I think you've way undersold Tom Landry.
Quite a bit in fact. No one saw what Tom Landry did in Chuck Howley. He had been considered a bust for the Bears. Was completely out of football in 1960.
Rayfield Wright was drafted as a TE. Landry saw him as an OT.
Mark Tuinei was a DT at Hawaii. Landry moved him to OT.
Landry saw Todd Christianson as a TE. He didn't and wanted to stay at FB. Al Davis agreed with Landry and Christianson became a great TE.
Drew Pearson was a QB at Tulsa his first 2 seasons. In fact he replaced Joe Theisman as QB of his HS team. Though undrafted Landry saw something in him immediately.
In addition to inventing the Flex Defense it was Landry who resurrected the shotgun formation from the archives of Red Hickey and made it the most efficient 3rd down tool in the NFL. He saw in Bob Hayes a way to spread defenses so thin his teams could practically score at will. It forced other teams to create Zone Defenses to stop Landry's schemes.
Every Hall of Famer of the Landry era does credit him with making them better. Bob Lilly, Roger Staubach, Mel Renfro, Rayfield Wright, Bob Hayes, Tony Dorsett, Randy White, and even Lance Alworth, Forrest Gregg, and Herb Adderly, who were famed in other arenas credit him with teachign them things they did not know and two of those guys played for Lombardi, one for Al Davis. Not to mention a guy like Mike Ditka who played under Papa Bear George Halas but coached under Landry as soon as he retired.

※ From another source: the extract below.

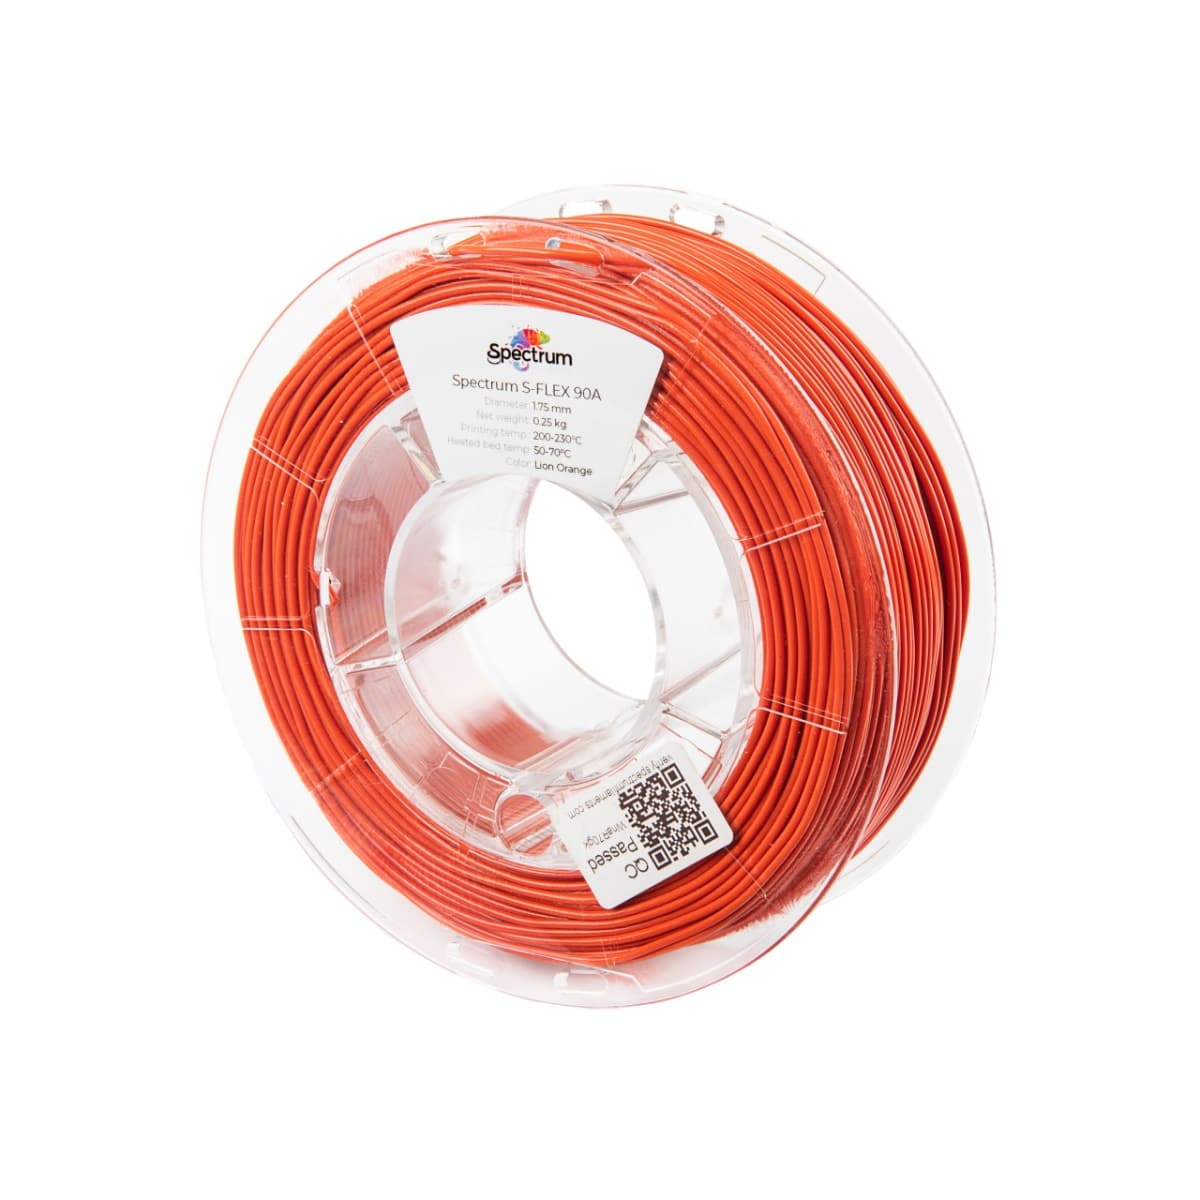 Køb Spectrum Filaments - S-Flex 90A - 1.75mm - Lion Orange - 0.25kg filament - Pris 140.00 kr.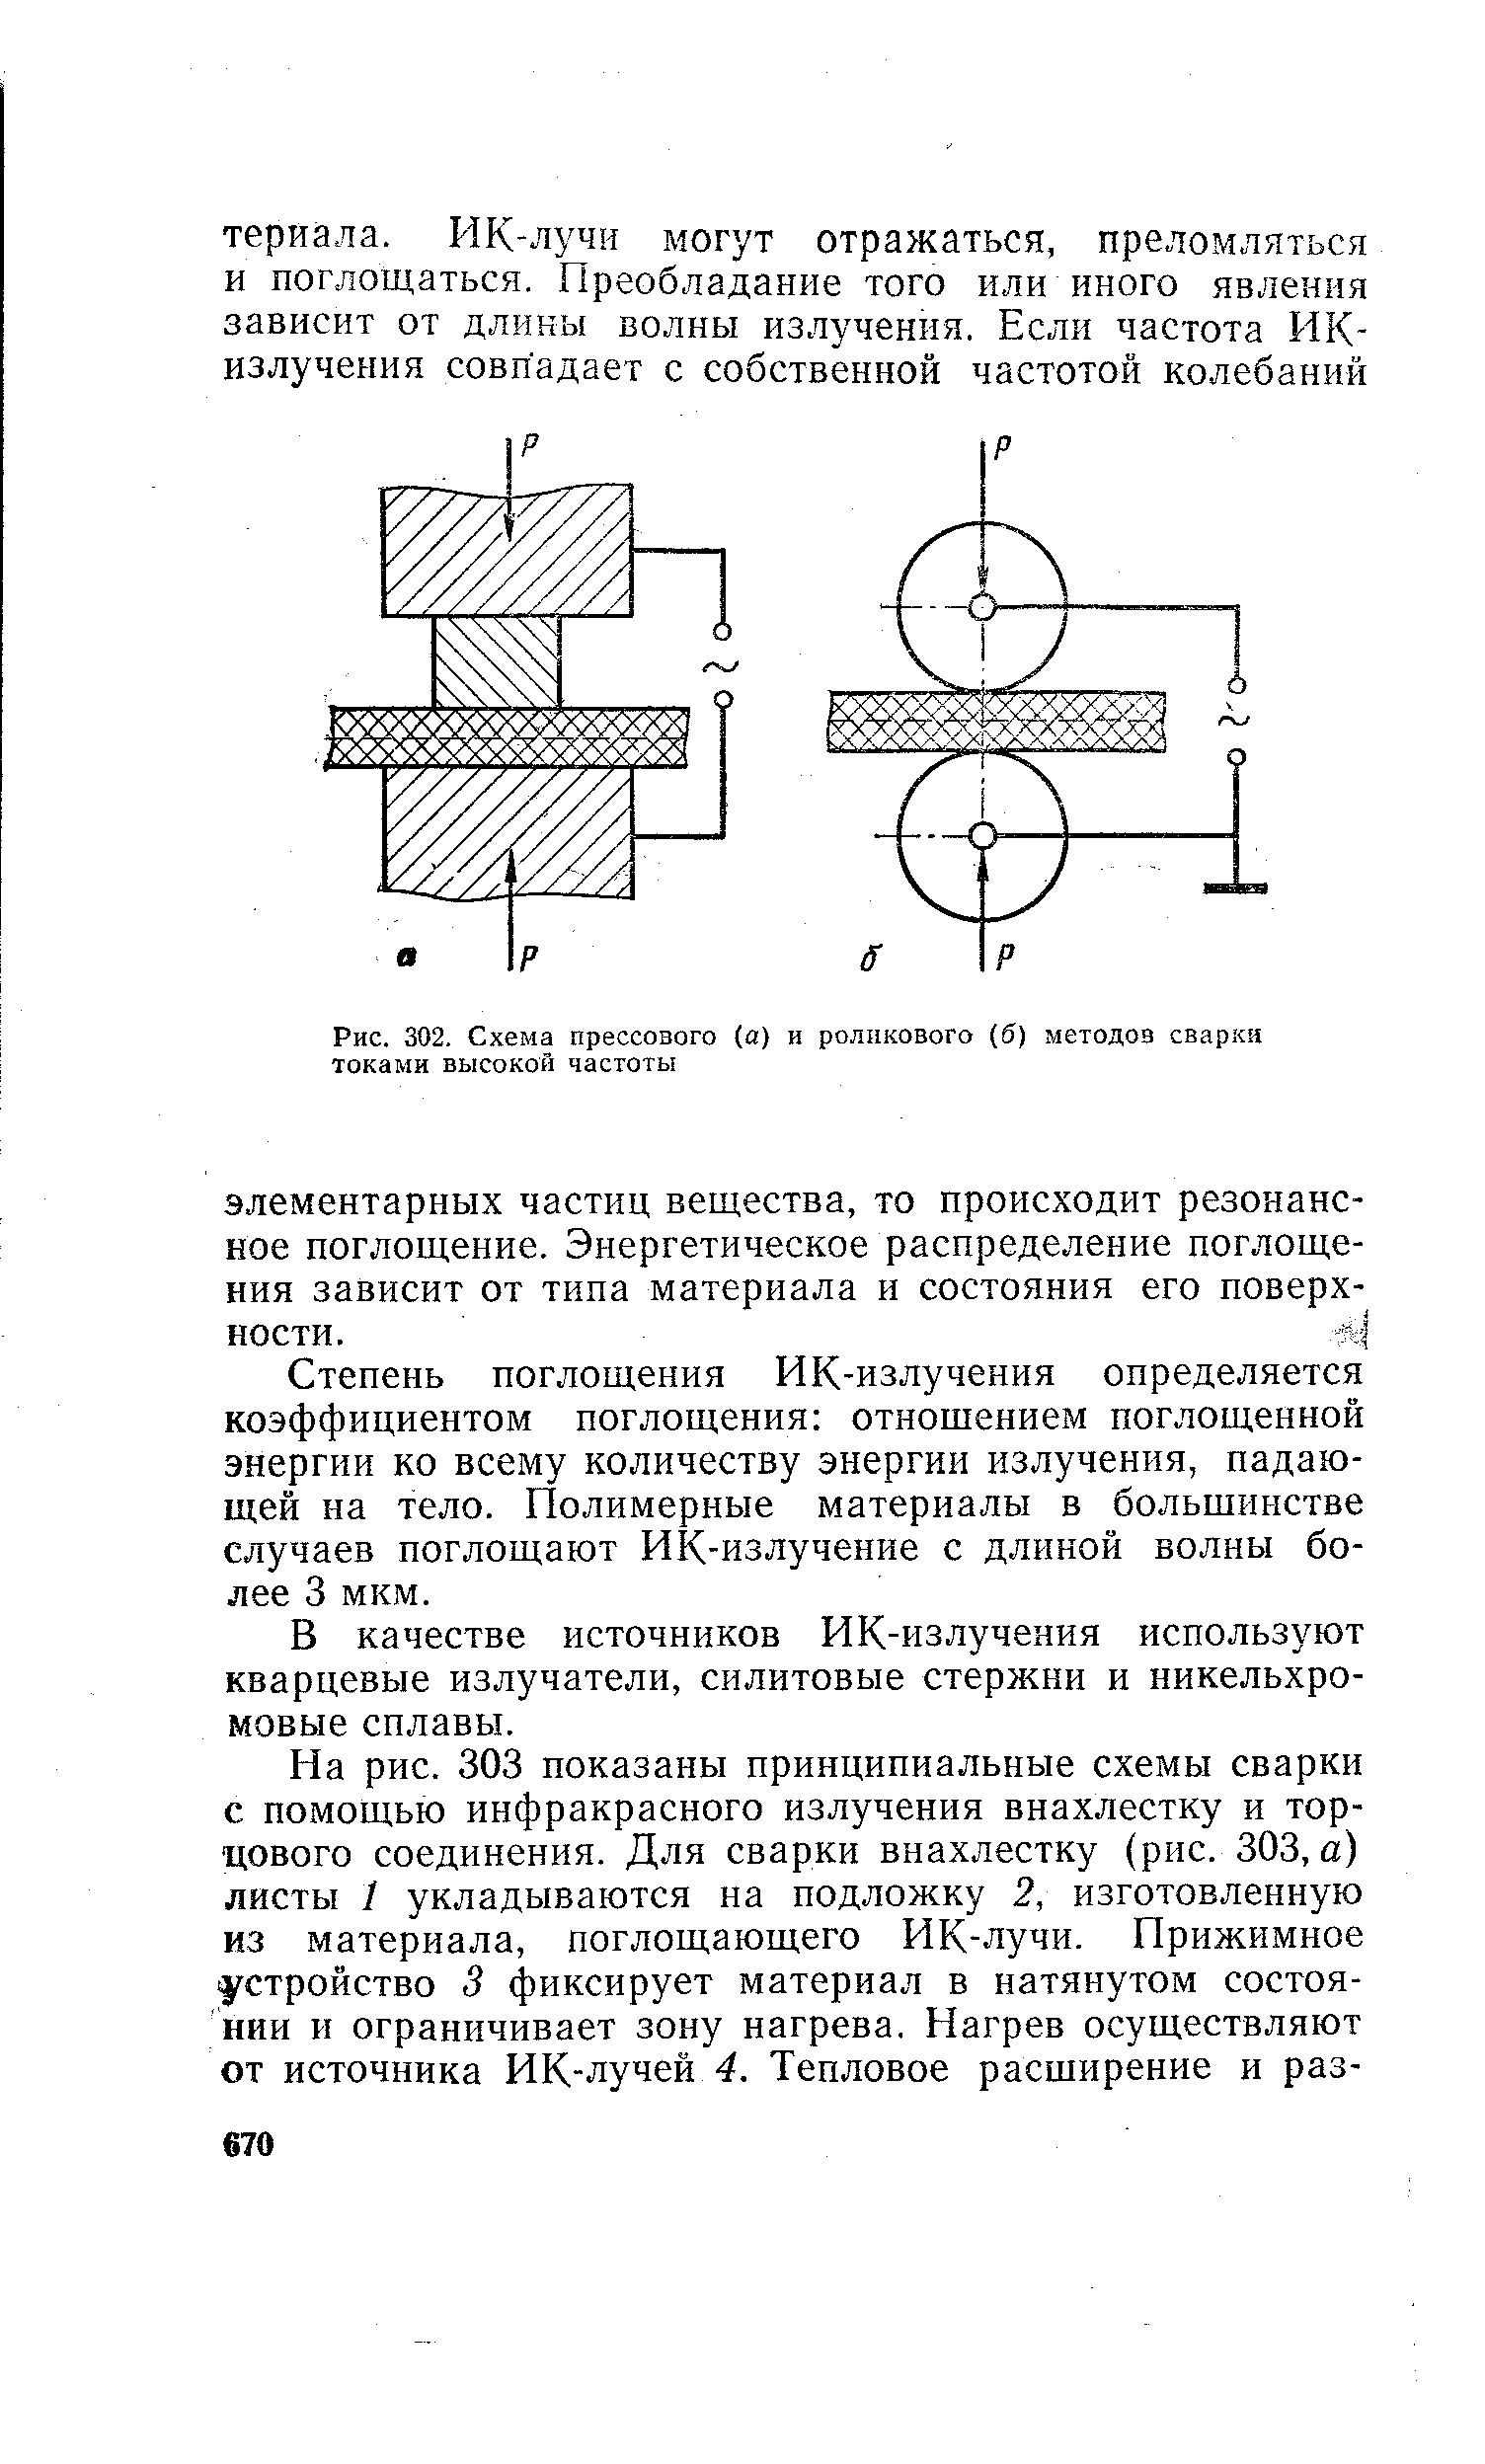 Рис. 302. Схема прессового (а) и роликового (б) методов сварки токами высокой частоты

Landry's coaching tree is as impressive as any out there. In addition to Ditka, Dick Nolan, Dan Reeves, Raymond Berry, Forrest Gregg, Gene Stallings. Each will tell you Landry's influence on them was huge.
Bill Parcells has admitted that many of his coaching philosophies came from studying Landry. Bill Belichick routinely asks former Landry players for insights into the man.